The MUSTs feel too strong here, since there are surely deployments and
streams
of data where encryption, whilst beneficial, isn't an absolute
requirement?

In addition "MUST be used by implementations and MUST be configured
by
administrators" also seem to conflict, i.e., if the implementation
must use it
then why would an administrator have to enable it?

I believe this is a duplicate of an issue that other folks have already
raised:

https://github.com/yaronf/I-D/issues/437

At https://github.com/yaronf/I-D/pull/461 I'm proposing the following text:

###

When TLS-only communication is available for a certain protocol, it MUST
be supported by implementations and MUST be configured by administrators
in preference to a dynamic upgrade method. When a protocol only supports
dynamic upgrade, implementations MUST provide a way for administrators
to set a strict local policy that forbids use of plaintext in the
absence of a negotiated TLS channel, and administrators MUST use this
policy.

I appreciate that the context of this text is the upgrade case (which makes 
sense), but I'm still able to read this text as casting a wider net than 
hopefully intended.  I.e., I'm still concerned that someone could quote this 
text to say that unencrypted comms is strictly not allowed anywhere, whenever a 
TLS version of the protocol exists, and whilst I entirely agree that using TLS 
is appropriate in the vast majority of places, I'm not convinced that is 
everywhere.

If people want to run unencrypted communications, that's their business, but this document is about how best to use TLS once you've chosen to do so, not about whether to use TLS in the first place.

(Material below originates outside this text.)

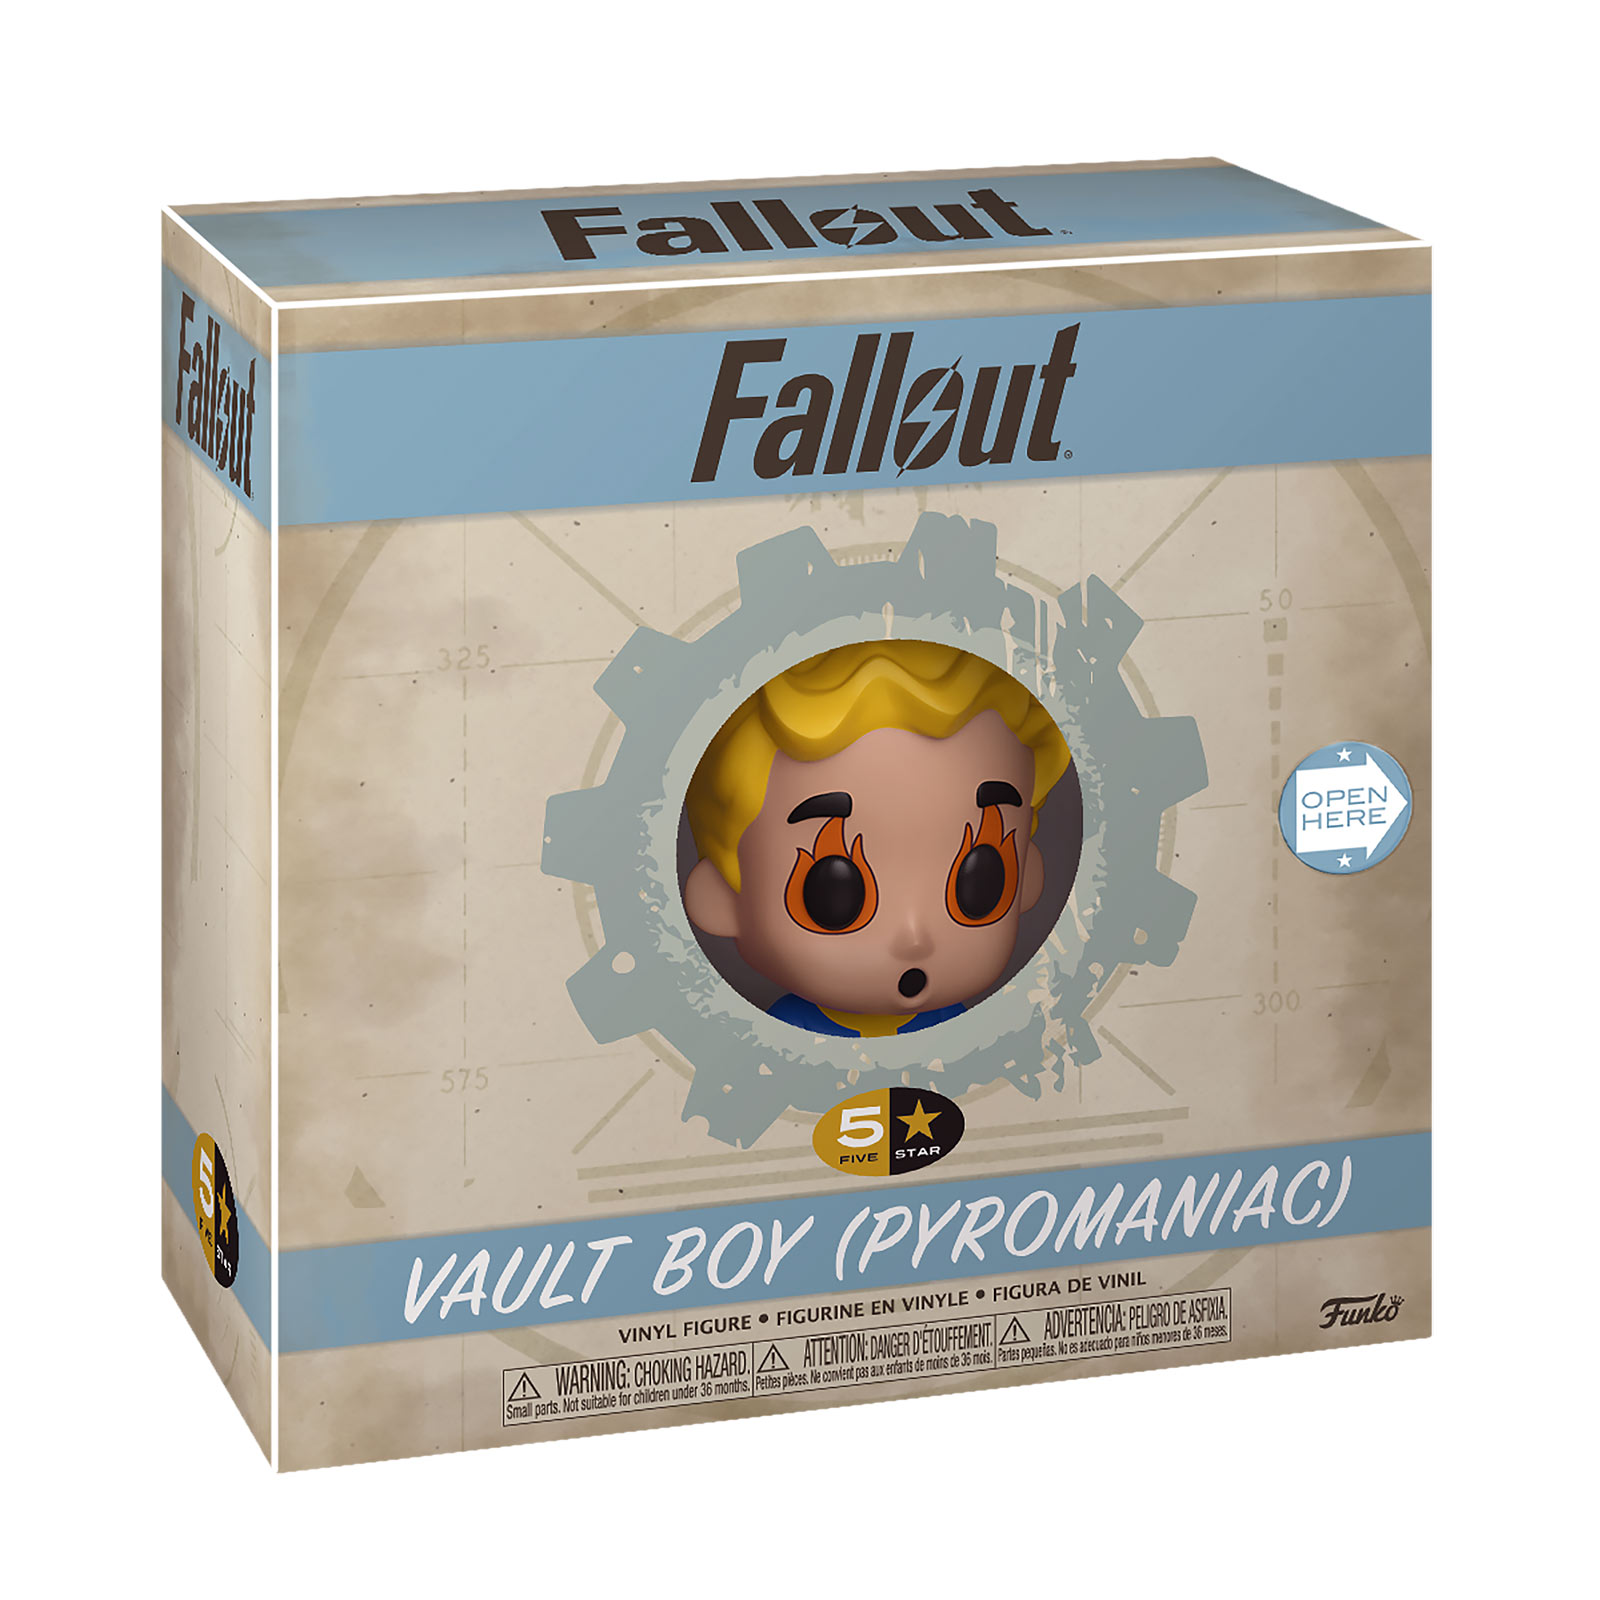 Fallout - Vault Boy Pyromaniac Funko Five Star Figur

Hence, I wonder whether we could restructure the first sentence to ensure that 
it's scope if focused purely on the upgrade scenario.  I.e., I suggest 
something like the following for the first sentence:

"When a protocol defines both a dynamic upgrade method and a separate TLS-only 
channel, then the separate TLS-only channel MUST be supported by implementations and MUST 
be configured by administrators to be used in preference to the dynamic upgrade 
method."

That's what we were trying to say, so your phrasing seems fine to me. However, I feel that "channel" could be confusing and would prefer "method" in both cases.